Work request
Would you return the lines that run from the start of the data below to the line with "improvements and betterments in the unit.", both included, exactly as written and without pictures?

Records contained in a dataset
--- START ---

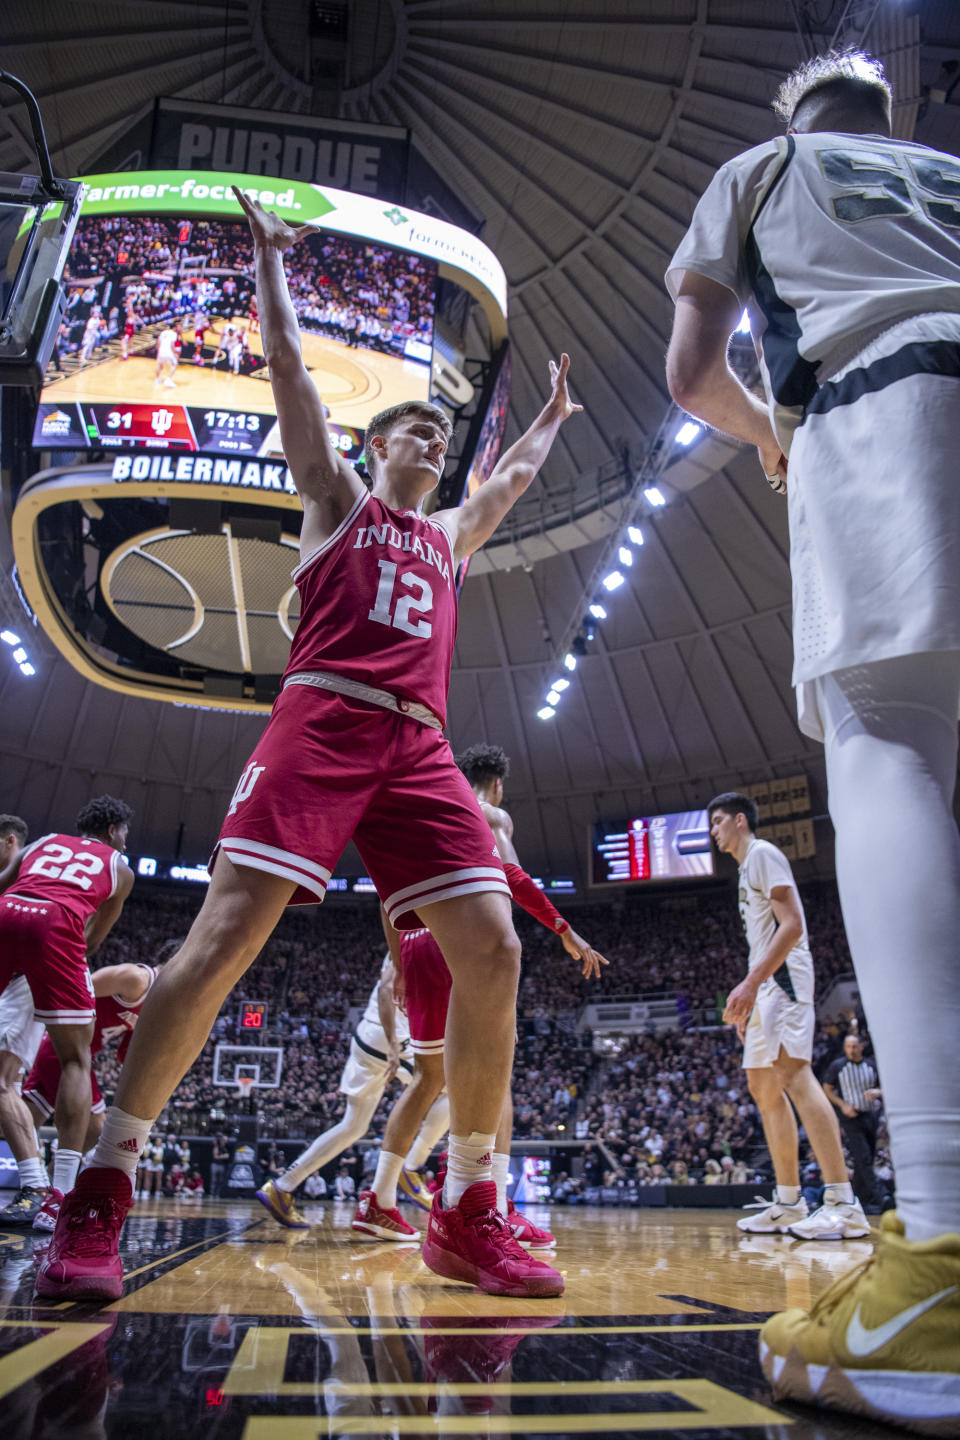 Indiana forward Miller Kopp (12) defends Purdue guard Sasha Stefanovic (55) as Stefanovic works to in-bound the ball during the second half of an NCAA college basketball game, Saturday, March 5, 2022, in West Lafayette, Ind. (AP Photo/Doug McSchooler)
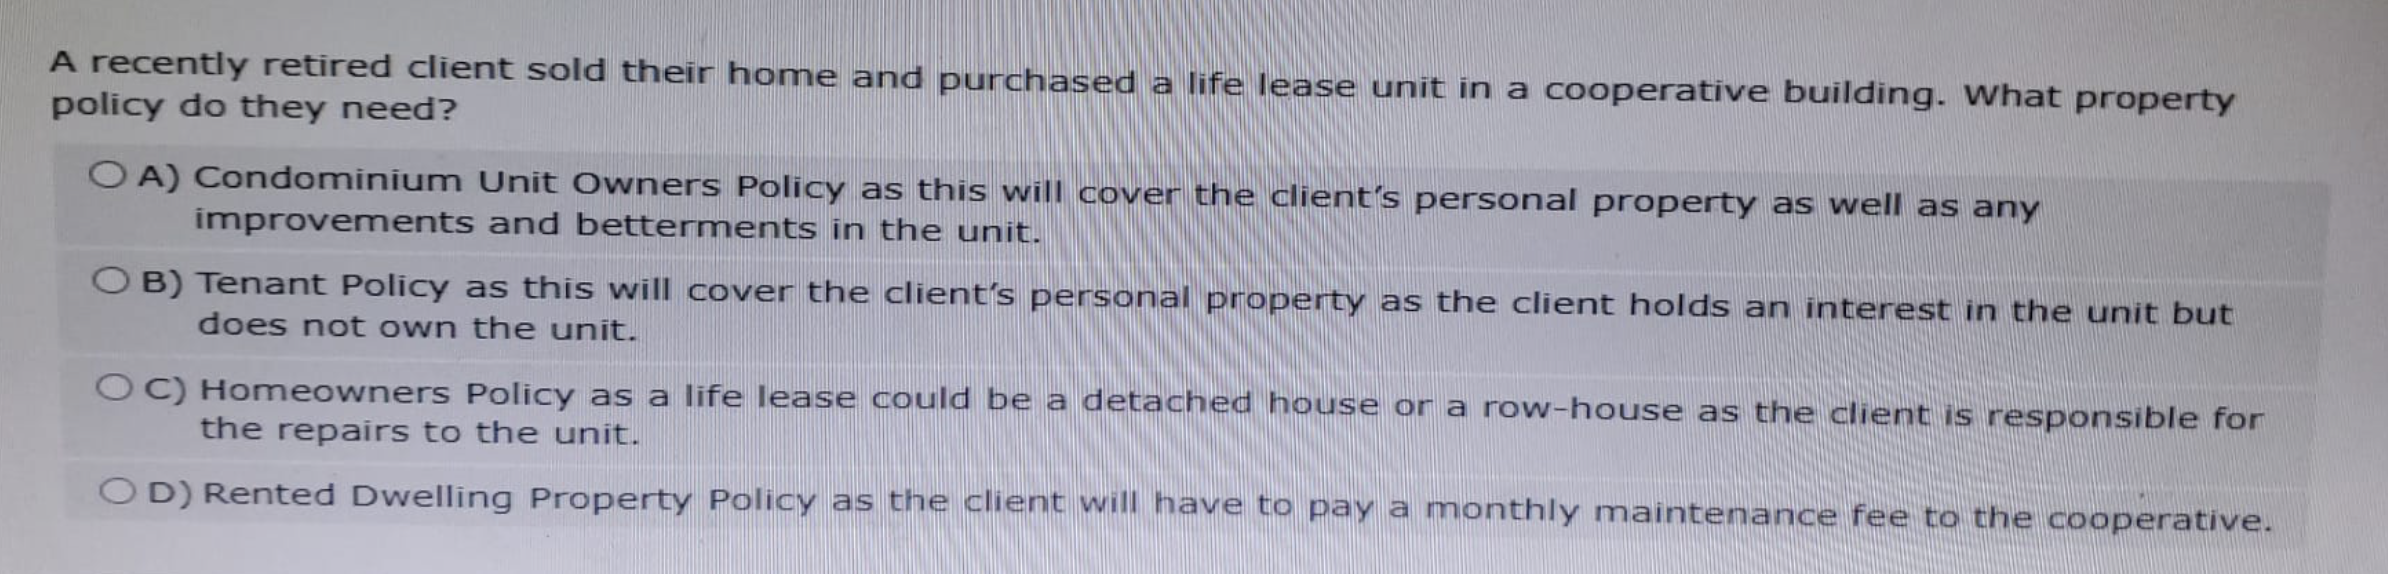 A recently retired client sold their home and purchased a life lease unit in a cooperative building. What property
policy do they need?
OA) Condominium Unit Owners Policy as this will cover the client's personal property as well as any
improvements and betterments in the unit.
OB) Tenant Policy as this will cover the client's personal property as the client holds an interest in the unit but
does not own the unit.
OC) Homeowners Policy as a life lease could be a detached house or a row-house as the client is responsible for
the repairs to the unit.
OD) Rented Dwelling Property Policy as the client will have to pay a monthly maintenance fee to the cooperative.
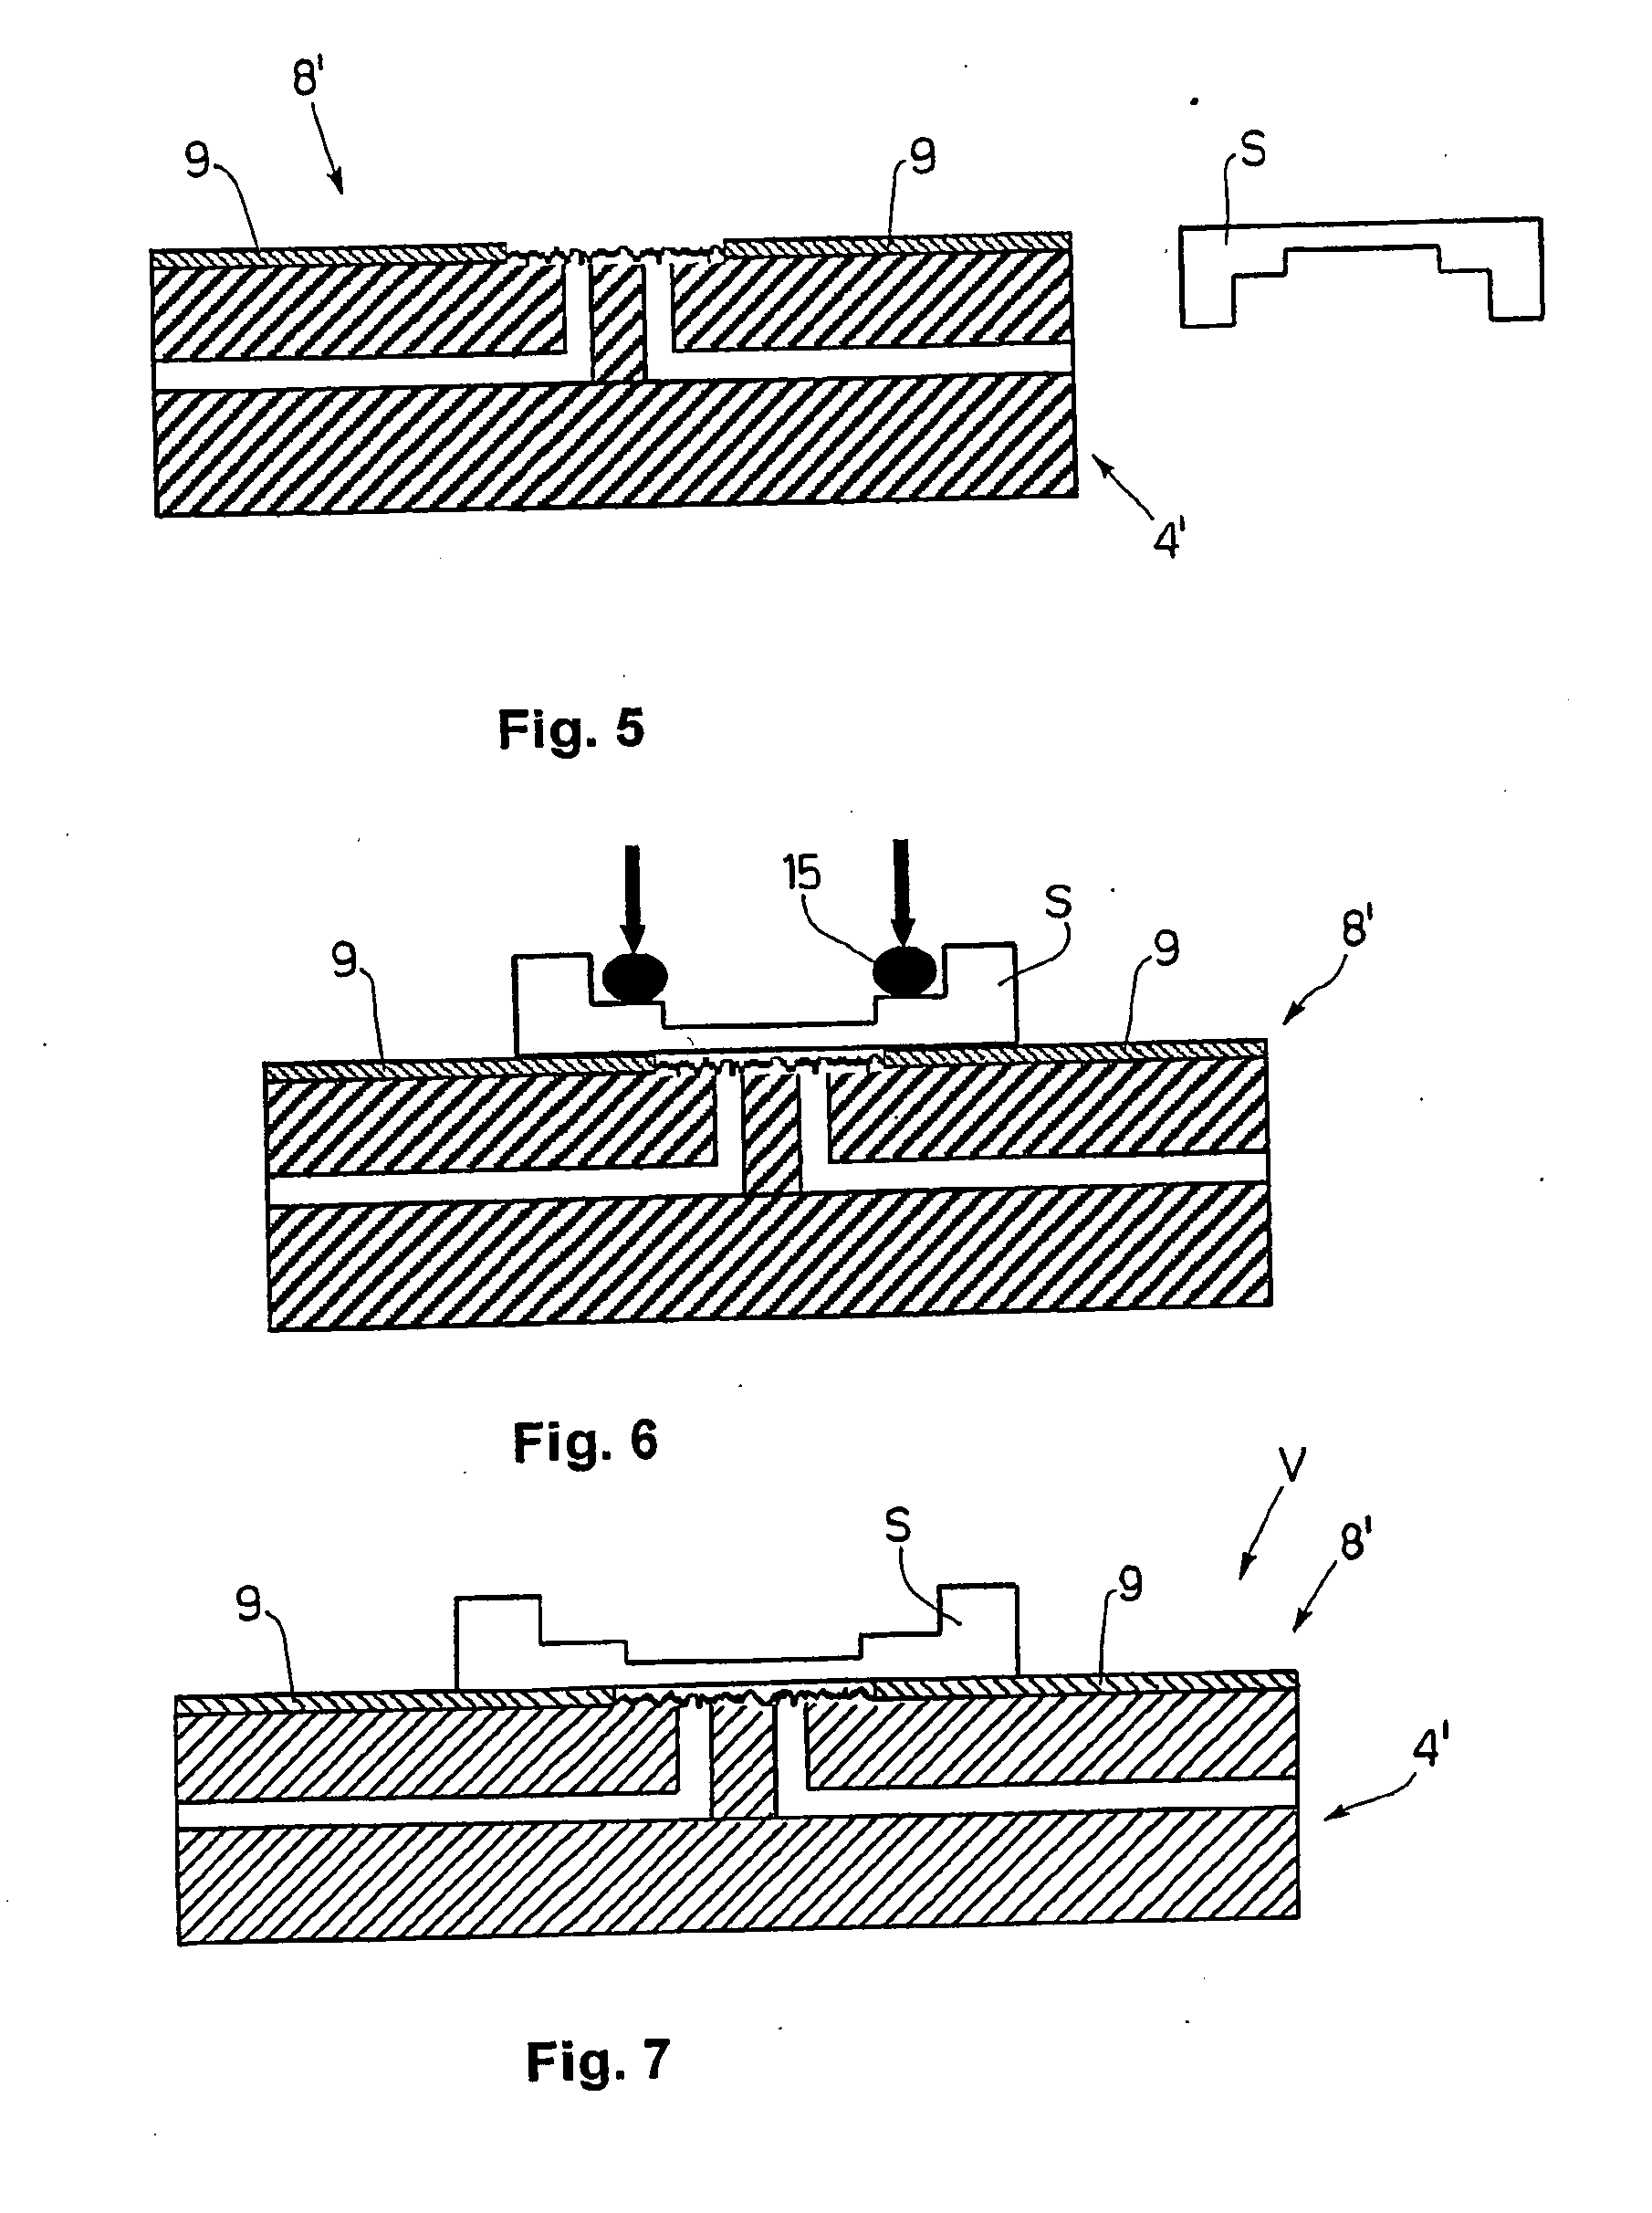 Method for Bonding a Layer of Silicone to a Substrate of Methacrylate Polymer

--- END ---

Answer to the problem
 Indiana forward Miller Kopp (12) defends Purdue guard Sasha Stefanovic (55) as Stefanovic works to in-bound the ball during the second half of an NCAA college basketball game, Saturday, March 5, 2022, in West Lafayette, Ind. (AP Photo/Doug McSchooler)
 A recently retired client sold their home and purchased a life lease unit in a cooperative building. What property
policy do they need?
OA) Condominium Unit Owners Policy as this will cover the client's personal property as well as any
improvements and betterments in the unit.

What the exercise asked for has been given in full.